Cuando, en la antigüedad, los libros eran un largo rollo de hojas de papiro pegadas por sus márgenes, en la encolada (kollon) en primer lugar (proto) se escribían los datos del contenido y las instrucciones de lectura. Y del griego pasó al latín la preposición “pro” como lo que está delante y a la vista.

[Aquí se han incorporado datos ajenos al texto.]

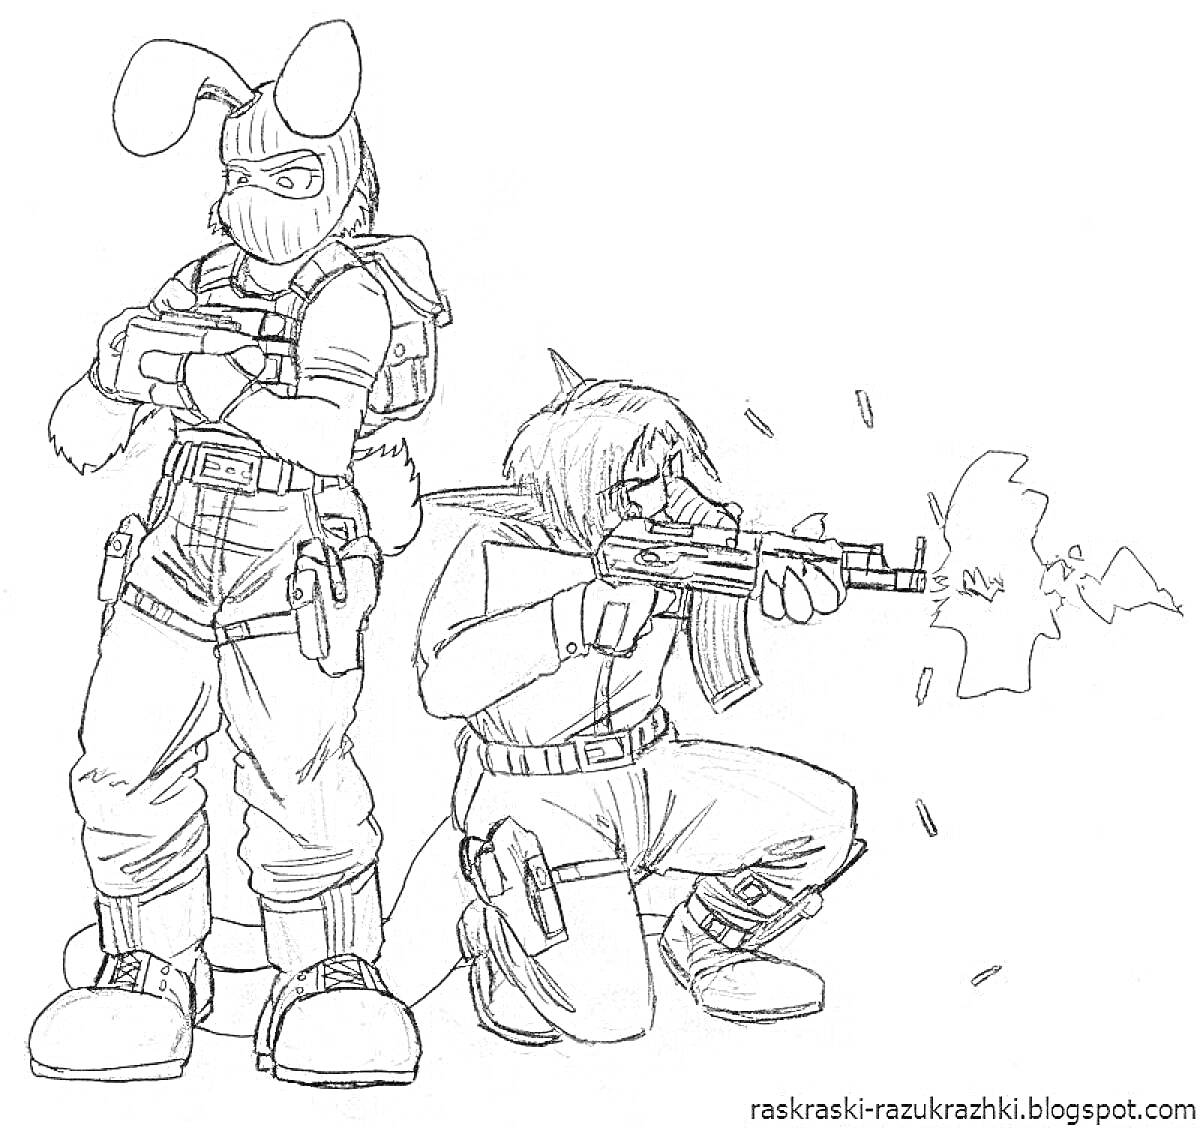 Раскраска Два игрока из Standoff 2 - один стоит с крестом на груди и в маске с ушами, другой стреляет из автомата.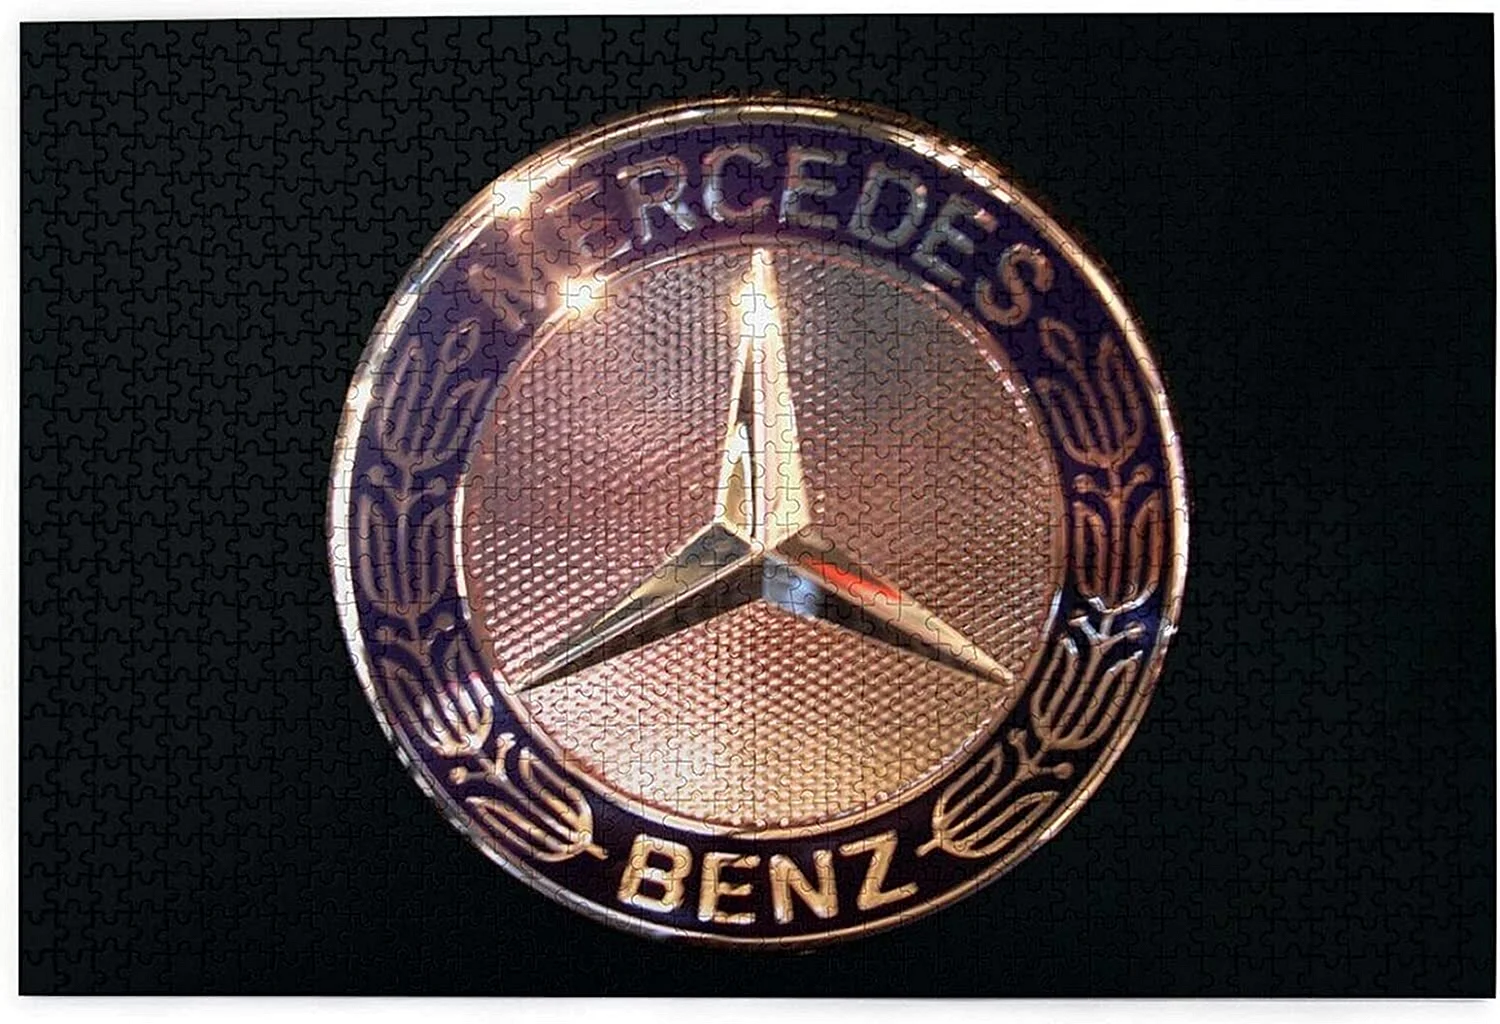 Daimler Benz logo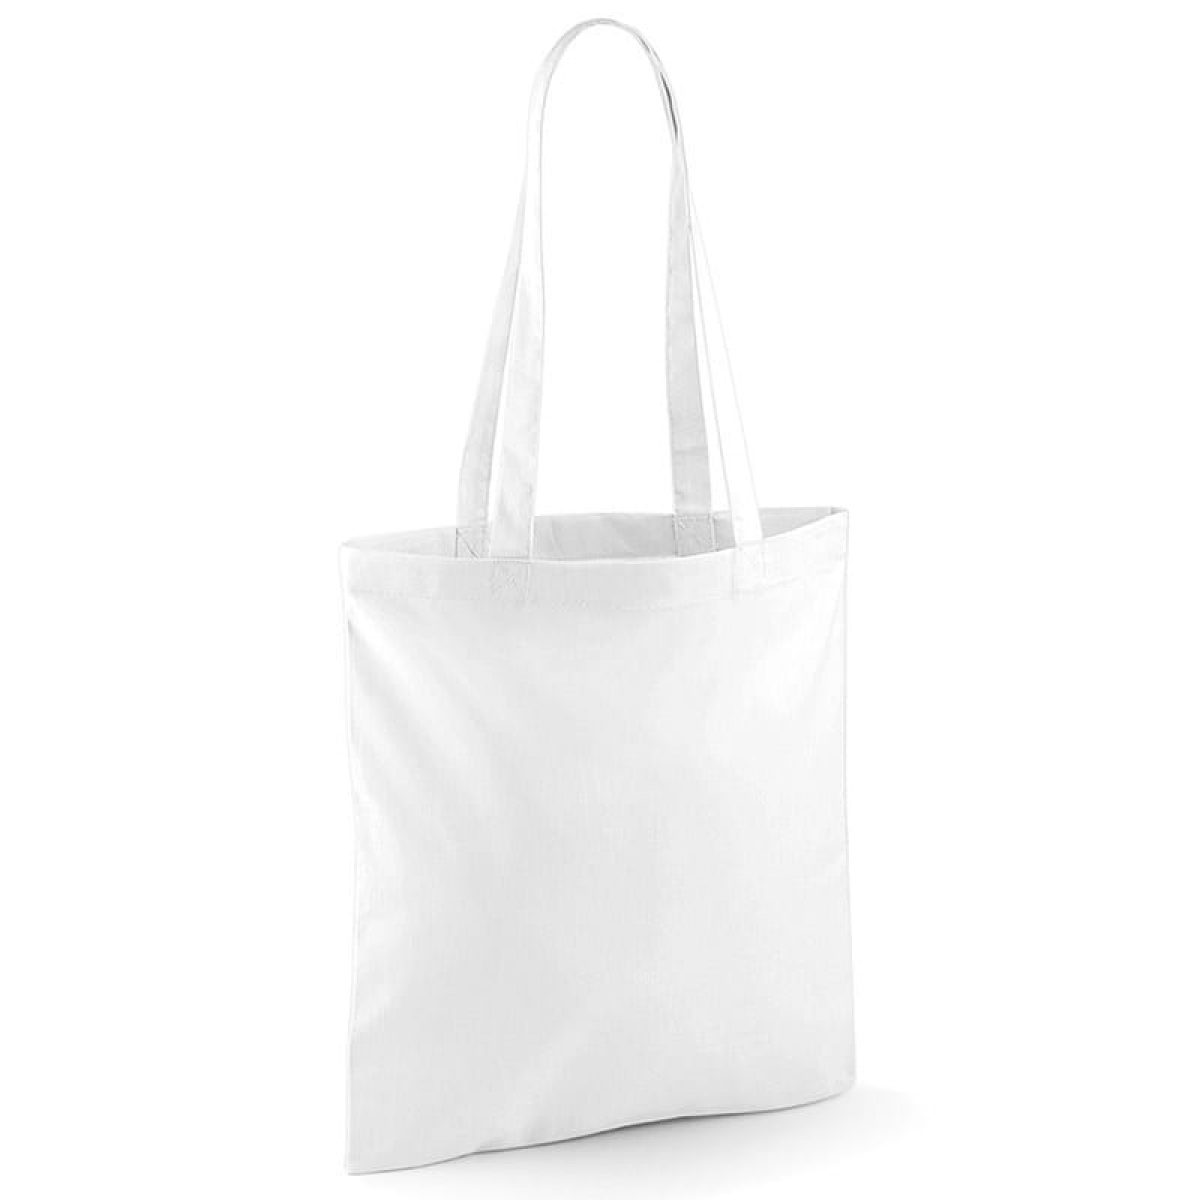 Jumbo White Carrier Bag - 100pkt - Mambo's Online Store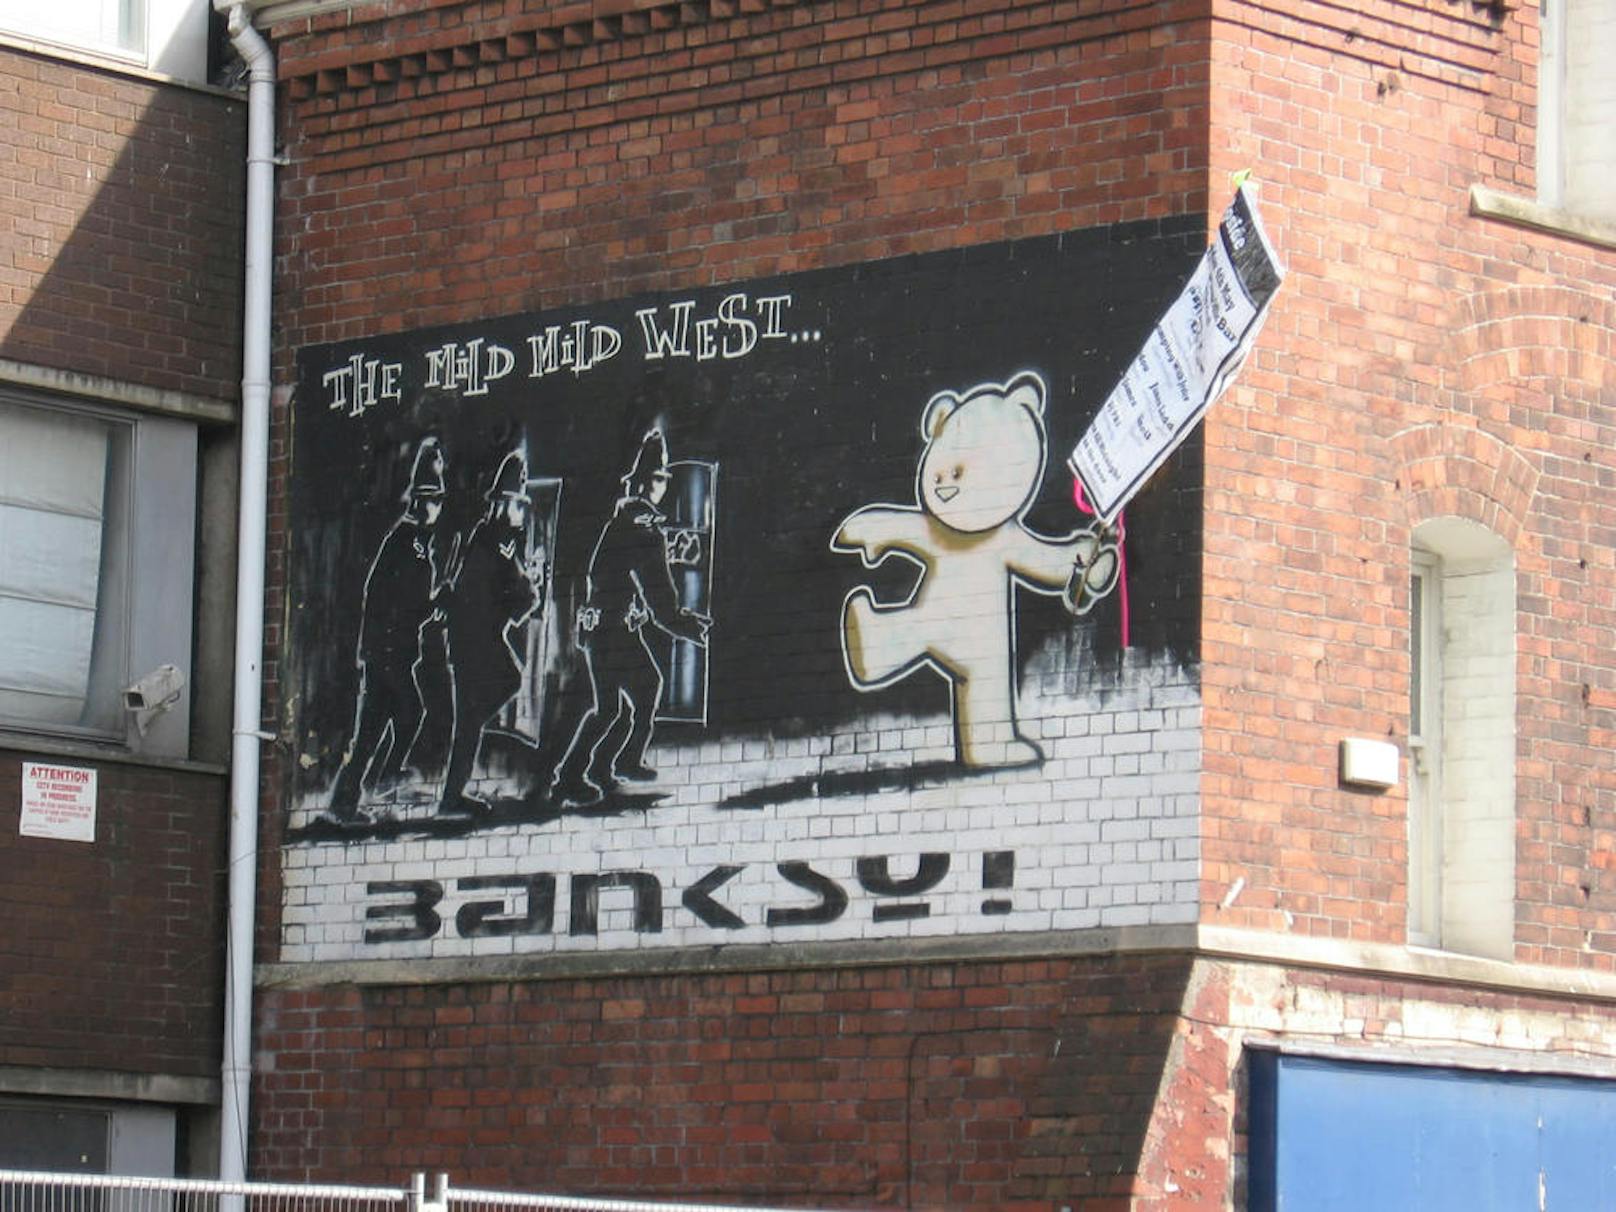 <b>BRISTOL, ENGLAND</b><br>
Auch ein Werk von Banksy. Der Superstar der Street Art versucht, seinen Namen geheim zu halten, was seinem Schaffen eine mysteriöse Facette verleiht.

Pero no hay protocolo que valga contra el autoengaño o la ocurrencia del que, no queriendo ver la mosca del contagio del ébola en su oreja, toma un avión en Tejas, o va a una peluquería en Madrid poniendo en riesgo a medio mundo. ¿No estaba a la vista (“pro”) que, a los primeros síntomas, en lugar de darle largas, debías salir pitando para tu hospital? ¿También lo que es de puro sentido común ha de estar protocolarizado?
Decir esto será poco delicado para con la persona voluntaria a la que, un fallo de protocolo (ahora sí) hospitalario, ha puesto en riesgo su vida; pero eso no implica que el hecho de que ocultara información sea falso. Y, uno, deseando fervientemente lo mejor a la enferma, no ve contradicción en lamentar que al Consejero de sanidad de Madrid le obliguen (y, lo peor, que él acepte) a decir digo donde dijo Diego. ¿Por qué ese empeño político (en su peor acepción) en mezclar las cosas? ¿Qué clase de dictadura es esa llamada “corrección política” que exige unanimidad en decir de lo que es, que no es?